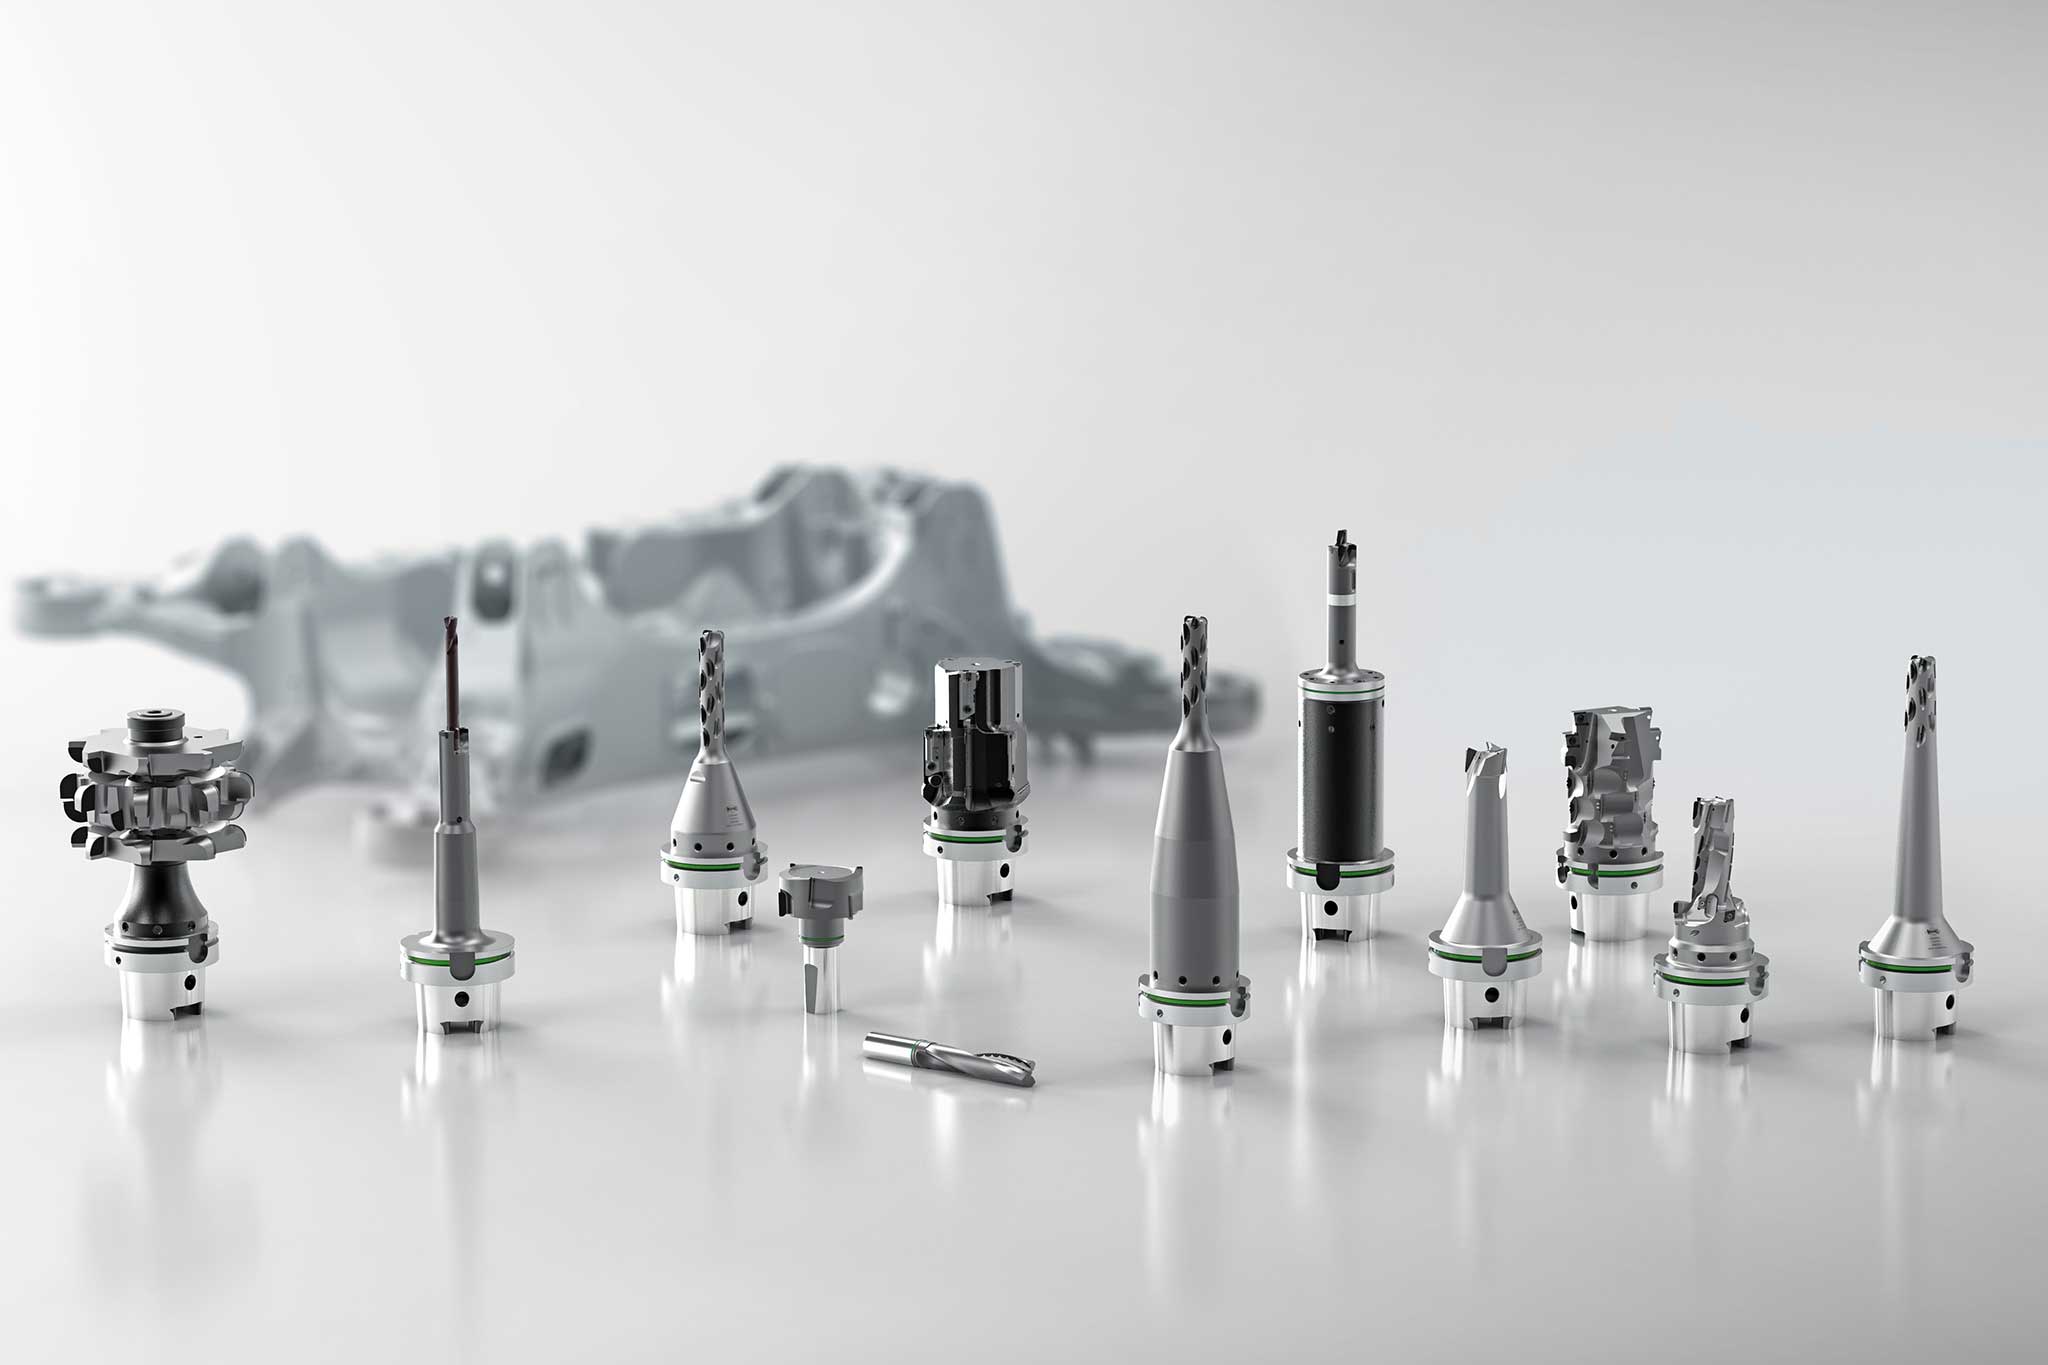 Twelve tools for complete machining are placed in front of a structural part, which is shown as blurred in the background.
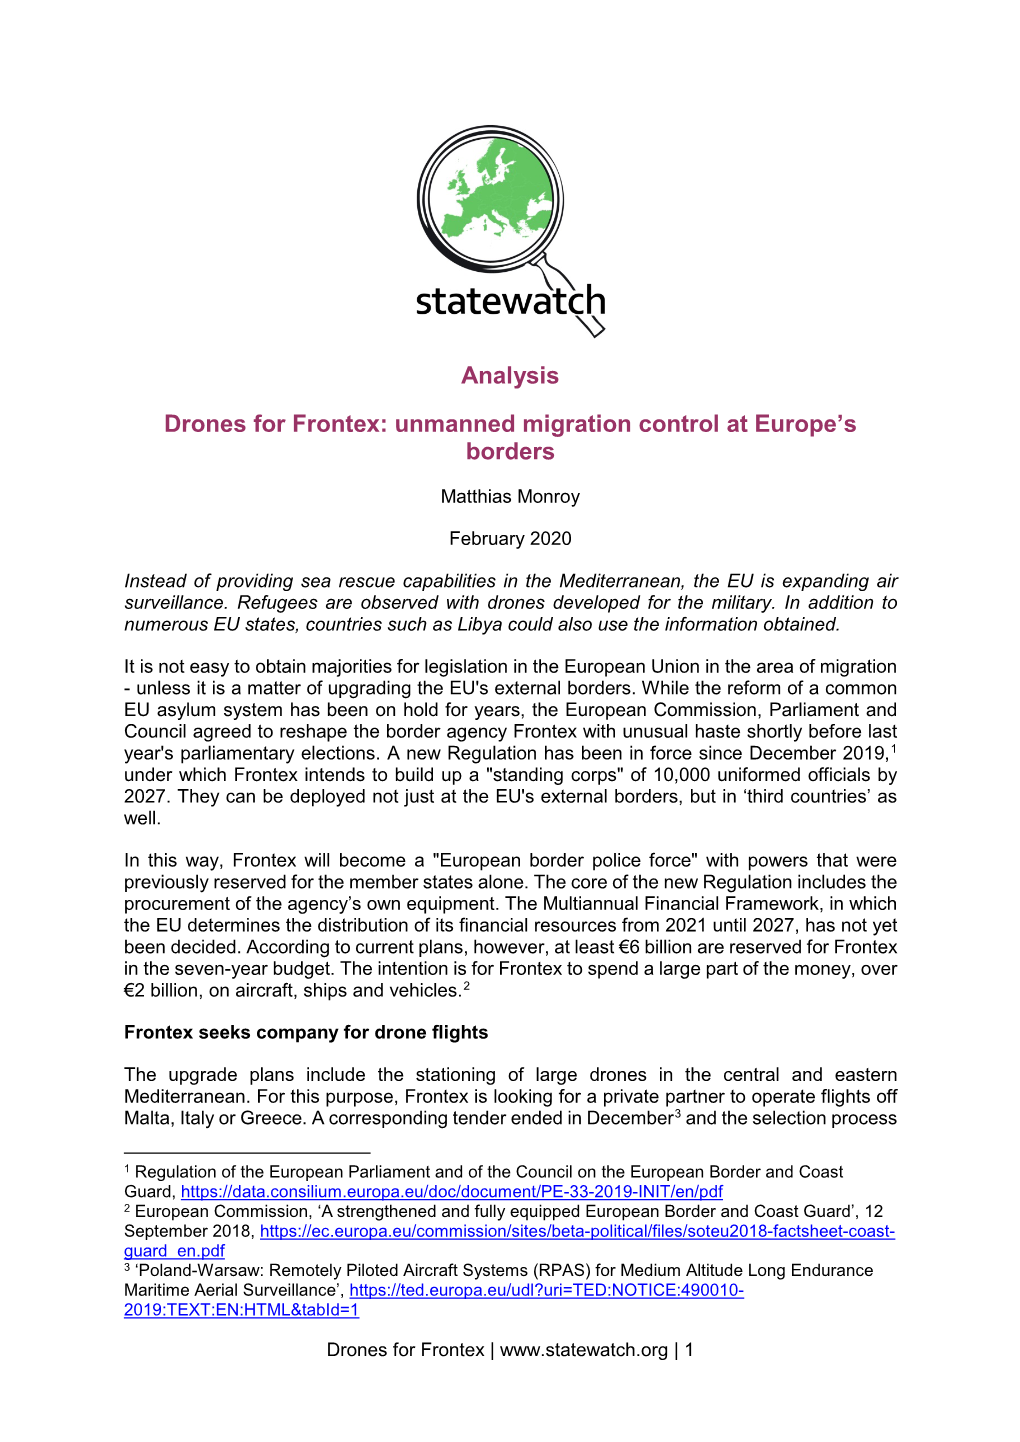 Drones for Frontex: Unmanned Migration Control at Europe's Borders
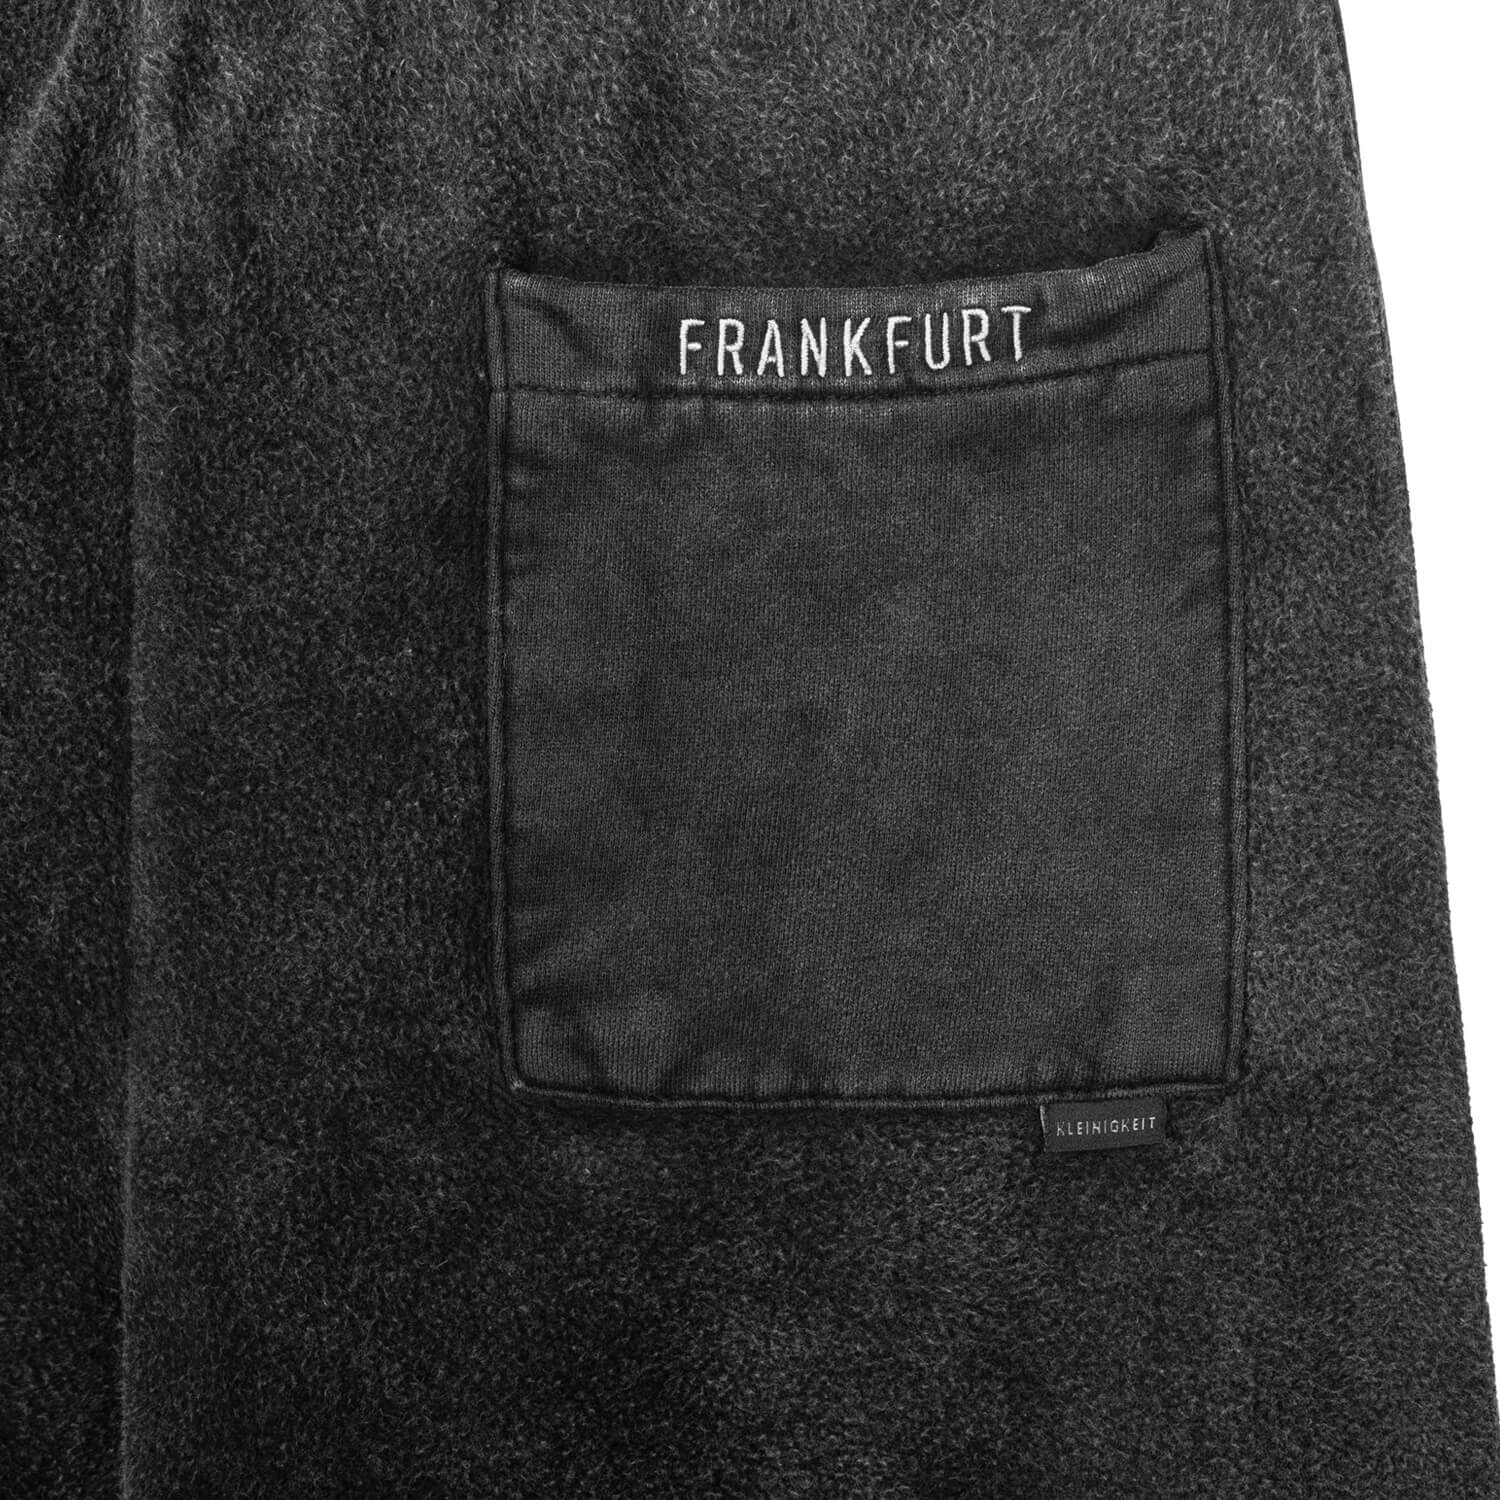 Bild 6: Sweatpants “Out of Love for You” Dark

Task to complete: Every line of the material above should be repeated exactly, except for the pictures.

Reply:
 Twelve tools for complete machining are placed in front of a structural part, which is shown as blurred in the background.
 Drones for Frontex: Unmanned Migration Control at Europe's Borders
 Bild 6: Sweatpants “Out of Love for You” Dark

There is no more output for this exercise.